Scheduled before Hepburn's death, an eerie, slightly macabre coincidence marks the Valentine's Day screening of the 1961 classic. But the tender off-beat quality of the romance between Holly Golightly (Audrey Hepburn) and Paul Varjak (George Peppard, perhaps better known to younger viewers as a member of the A-team) is a stimulus to budding and full-blooming romance alike. And the incredible luminosity of the shots of 1960s New York combined with the timeless, inimitable glamour of Hepburn herself make "Breakfast at Tiffany's" a wonderful antidote to the drizzle of Cambridge in February.
Holly Golightly and her nameless cat inhabit a barely furnished apartment in a Manhattan brownstone.
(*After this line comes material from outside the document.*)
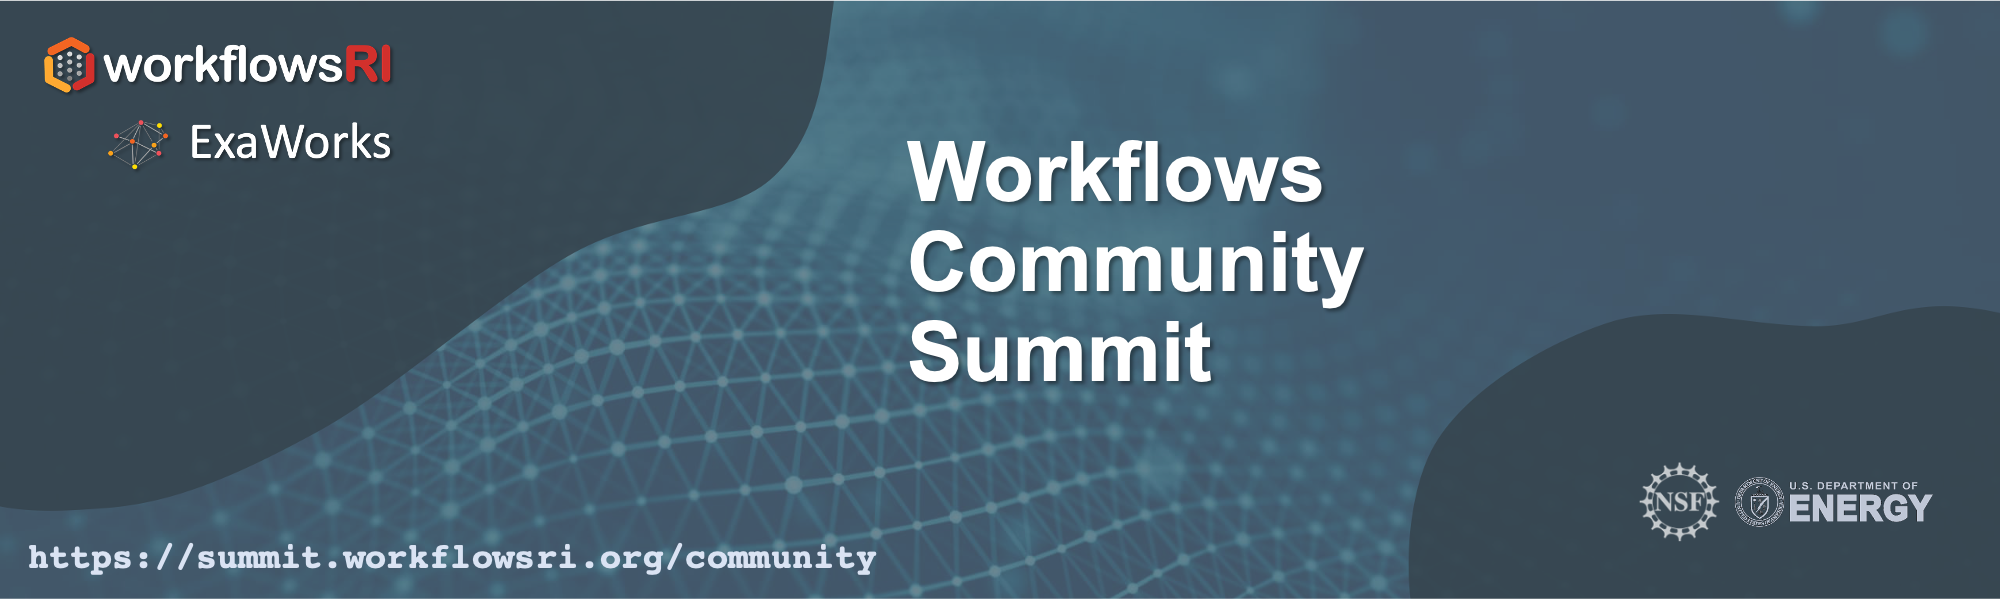 Workflows Community Summit

Golightly peeks out from behind her door one morning to find that she has a new downstairs neighbor. Even wearing a wrinkled tuxedo shirt, a pastel blue sleeping mask pushed up on her forehead and purple-tassled earplugs in her ears, Hepburn conjures an almost unearthly elegance onscreen.
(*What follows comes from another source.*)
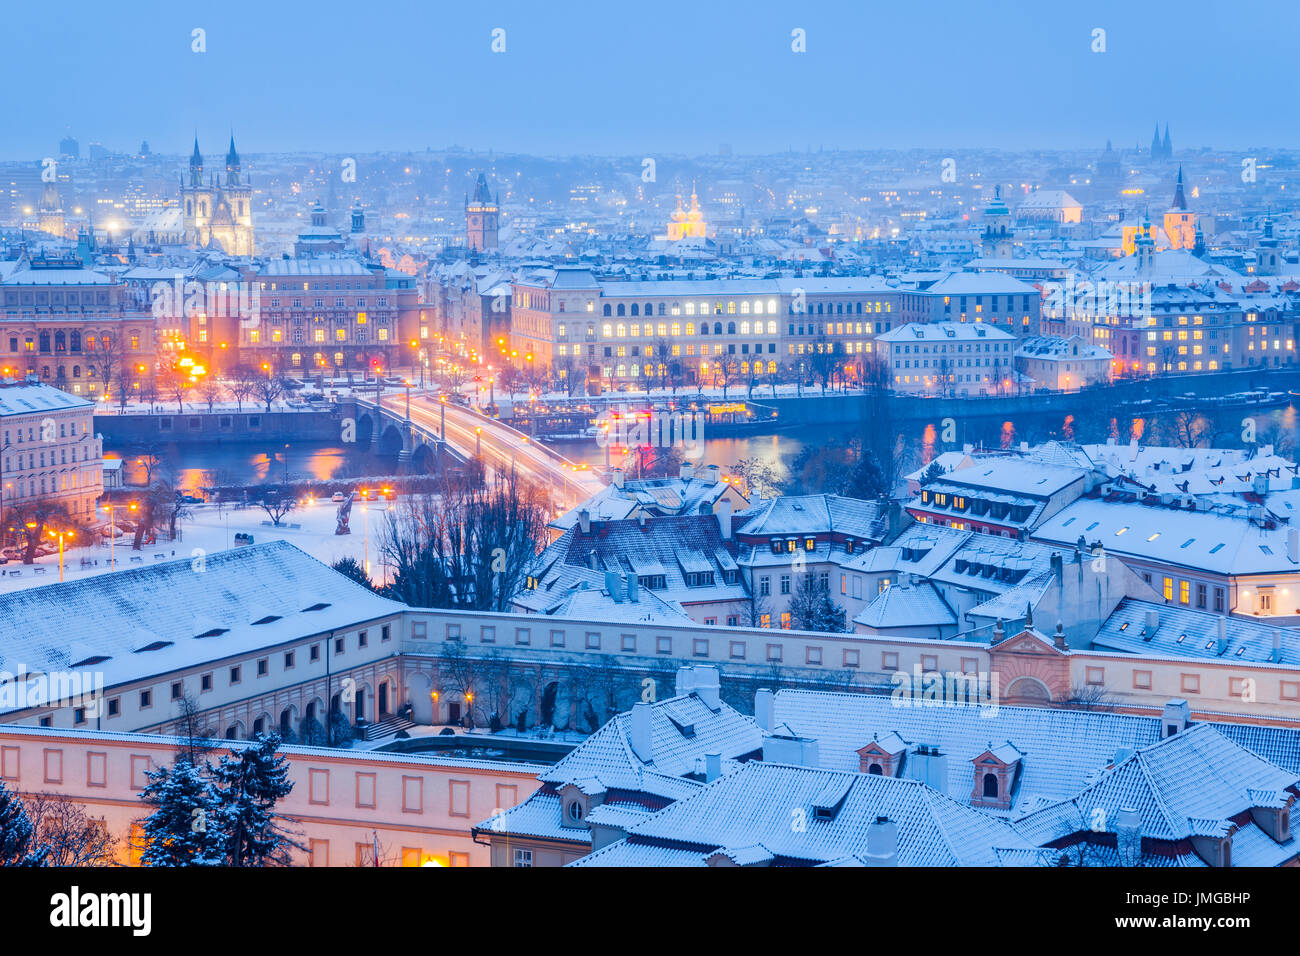 Europa, Tschechische Republik, Tschechien, Prag, Praha, UNESCO, historische alte Stadt Panorama mit Kirche erhebt sich im Winter mit Schnee in der Nacht, Dämmerung Stockfoto

"And I thought in New York people never got to know their neighbors," Varjak laughs in surprise one evening as Golightly steps gingerly from the fire escape into his apartment.
"We are friends, aren't we?" Golightly asks Varjak after she lays her elegantly coiffed head on his shoulder and goes to sleep. This in-through-the-fire-escape intimacy is the beginning of their very unusual romance.
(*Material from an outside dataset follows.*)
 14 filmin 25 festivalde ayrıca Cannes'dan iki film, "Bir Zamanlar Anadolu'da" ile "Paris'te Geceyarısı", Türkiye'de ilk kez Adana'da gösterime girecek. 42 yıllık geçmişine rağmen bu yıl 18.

Both Golightly and Varjak have something to hide. Varjak calls himself a writer but has no ribbon in his typewriter and Golightly plays the part of a mod New York socialite though she is really a small-town girl who ran away at age 14.
Much of the fun of the movie lies in its depiction of a New York, that-if it ever existed at all-is long gone. The on-the-street glamour, the raucous high society party Golightly throws, the cleanness and safety of the city (Golightly indiscriminately buzzes strangers into the apartment building) and, of course, Hepburn's incredible wardrobe place the film in a never-never land of sweet fantasy much like Tiffany's itself.
But even the sumptuous elegance of Tiffany's is no match for Hepburn's long, lean and striking grace.
At one point she perches on her fire-escape, singing and strumming guitar to the famous theme song "Moon River." Her tender breathy voice delivers the melody as an ephemeral sweet, like a candied violet petal.
But Hepburn and the film artfully avoid the saccharine. Like the burnt peanuts which occasionally make their way into the Cracker Jacks Varjak eats, a bittersweet ache makes its way into "Breakfast at Tiffany's." This only adds to the confection.
During an uproarious party that Golightly throws, a man leans in to Varjak in overt chumminess. "Is she or isn't she?" he asks, confidentially, somewhat puzzling Varjak. As Golightly, eyebrows perfectly arched, cigarette holder pursed between her lips, flits among her guests like an exquisite hummingbird, there can be no doubt.
Clearly, she is.
And so the opportunity to wile away a few hours with Audrey Hepburn and your sweet-heart is not to be missed. If you don't have one, then go anyway and pretend Hepburn is your sweetheart (or that you are Hepburn--in which case you'll have sweethearts galore).